Commit Graph

1678 Commits

Author SHA1 Message Date
Shawn O. Pearce 1eecc82cec Improve performance when writing trees and small blobs
ObjectDirectoryInserter was always creating a temporary file,
writing the complete compressed contents of a tree, fsync()'ing
that to stable storage, and only then checking to see if there
was already an object with the same SHA-1 in the repository.

For commits this strategy makes some sense, the commit is very
unlikely to exist in the repository, as there are embedded times
and these change with each commit.

However for trees coming out of DirCache, it is more common for the
tree to already exist in the repository. Most subdirectories are
not modified in any given commit.  Doing all of this local file IO
for things that already exist is very slow.

Try to detect cases where the object is "small enough" that it can
be processed entirely in memory, and avoid doing disk IO entirely
if the object already exists.

Also increase the size of the output buffer for the deflation.
This should boost the average write(2) syscall size from 512 bytes
to 8192 bytes, making streaming of large compressed contents to
disk slightly more efficient.

Change-Id: I1d40364e8725468522435814631916d73174c92b
Signed-off-by: Shawn O. Pearce <spearce@spearce.org>
2011-06-24 12:55:19 -07:00
Shawn O. Pearce 826fb260a3 TemporaryBuffer: Fix reading from in-memory InputStream
I had the conditions wrong here, causing the in-memory InputStream
to always appear to be at EOF.

Change-Id: I6811d6187a34eaf1fd6c5002550d631decdfc391
Signed-off-by: Shawn O. Pearce <spearce@spearce.org>
2011-06-24 12:37:58 -07:00
Chris Aniszczyk 2cebb7dbc7 Add ReflogCommand
Adds a git-reflog command and associated tests.

Bug: 347859
Change-Id: Iba146ac842cc9ca0be43d3381b4082c9e92bf56f
Signed-off-by: Chris Aniszczyk <caniszczyk@gmail.com>
2011-06-22 18:32:50 -05:00
Chris Aniszczyk 65606dc086 Refactor out ReflogEntry
It's useful to have ReflogEntry refactored out so it can be
used by clients via the JGit API.

Change-Id: I03044df9af9f9547777545b7c9b93bdf5f8b7cb5
Signed-off-by: Chris Aniszczyk <caniszczyk@gmail.com>
2011-06-20 10:25:50 -05:00
Robin Rosenberg 529a348961 RFC: Ugly fix for i18n of metaVar CLI arguments
This patch possibly ties to a specific version of args4j.

Bug: 318286
Change-Id: I05d4ecf6bd25deec7fb2efbfa61913f4ec4e04e5
Signed-off-by: Robin Rosenberg <robin.rosenberg@dewire.com>
2011-06-20 00:55:13 +02:00
Robin Rosenberg b19924f150 Merge changes Ie393fb8b,Ib11a077a
* changes:
  Push errors back over sideband when possible
  Report progress while updating references
2011-06-17 11:26:38 -04:00
Marc Strapetz 929862f322 Fix IndexOutOfBoundsException when parsing PersonIdent
IndexOutOfBoundsException could occur when parsing
PersonIdent for which no name is present, as part of a
RevCommit (nameB > 0).
2011-06-14 16:56:48 +02:00
Shawn O. Pearce d34ec12019 DHT: Change DhtReadher caches to be dynamic by workload
Instead of fixing the prefetch queue and recent chunk queue as
different sizes, allow these to share the same limit but be scaled
based on the work being performed.

During walks about 20% of the space will be given to the prefetcher,
and the other 80% will be used by the recent chunks cache. This
should improve cases where there is bad locality between chunks.

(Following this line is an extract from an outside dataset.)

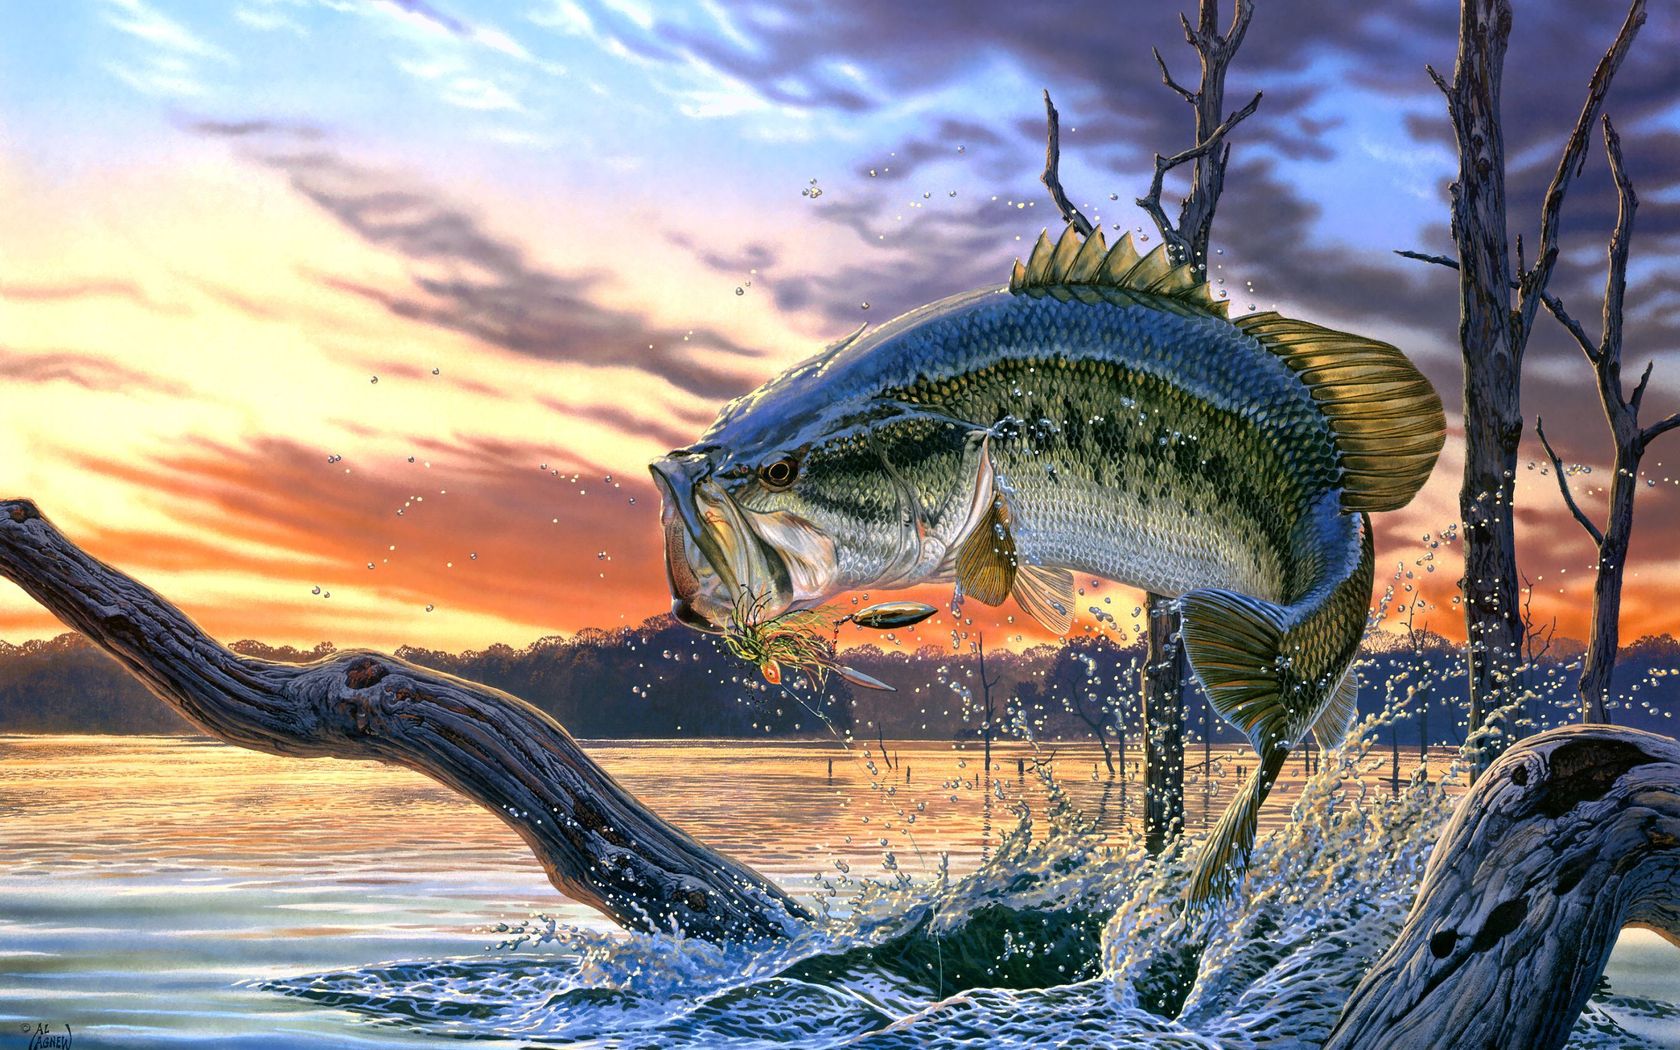  orglargemouth bass fishing wallpaper background screensaver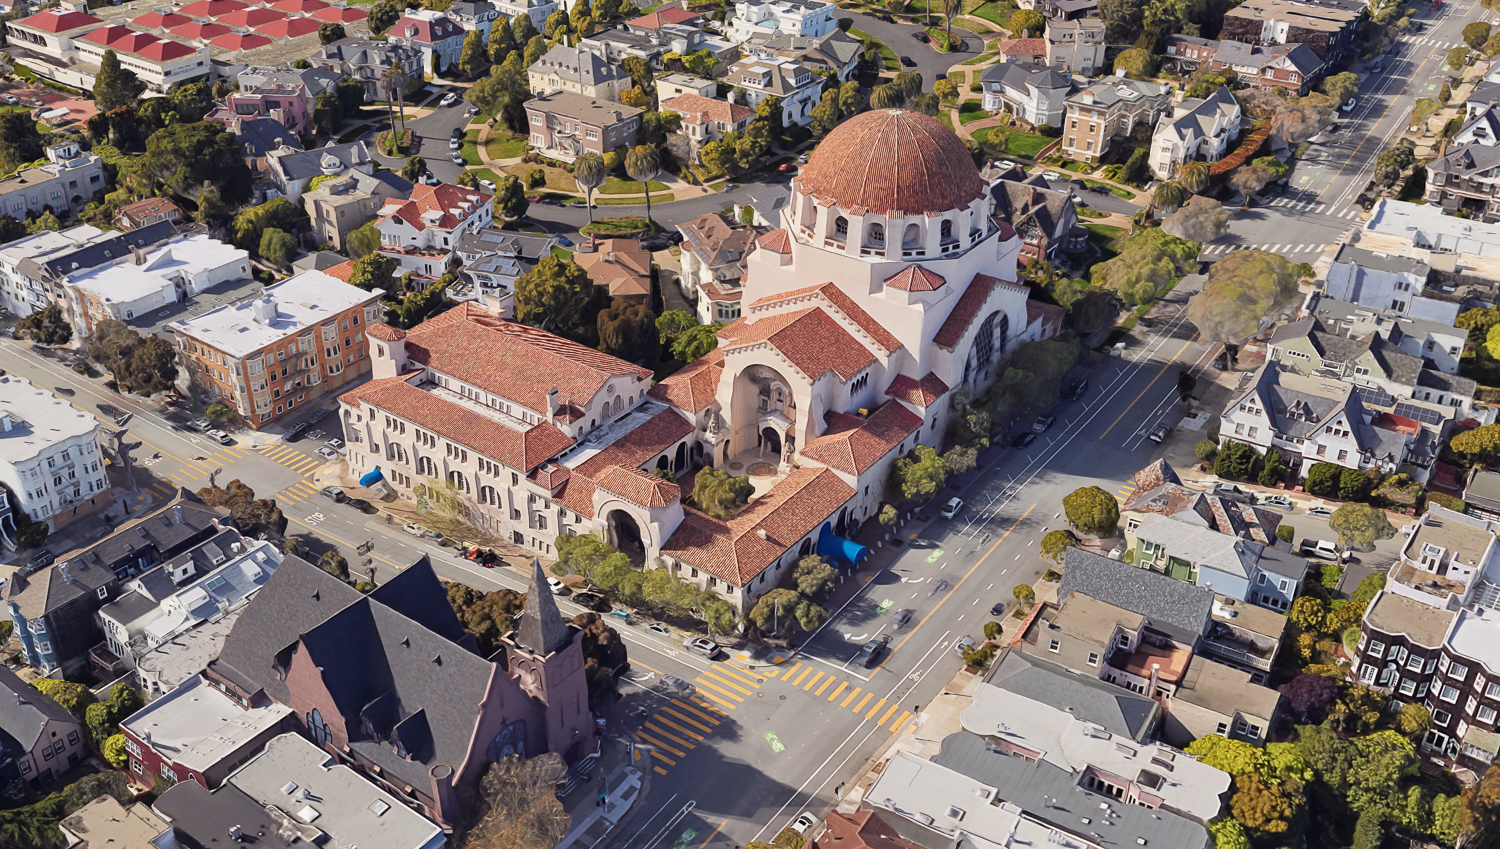 Congregation Emanu-El Synagogue existing condition, image via Google Satellite

During writing of a pack stream, 90-100% of the space should be
made available to the prefetcher, as the prefetch plan is usually
very accurate about the order chunks will be needed in.

Change-Id: I1ca7acb4518e66eb9d4138fb753df38e7254704d
Signed-off-by: Shawn O. Pearce <spearce@spearce.org>
2011-06-09 19:10:15 -07:00
Shawn O. Pearce 1e6b02643c DHT: Use a proper HashMap for RecentChunk lookups
A linear search is somewhat acceptable for only 4 recent chunks, but
a HashMap based lookup would be better. The table will have 16 slots
by default and given the hashCode() of ChunkKey is derived from the
SHA-1 of the chunk, each chunk will fall into its own bucket within
the table and thus evaluate only 1 entry during lookup instead of 4.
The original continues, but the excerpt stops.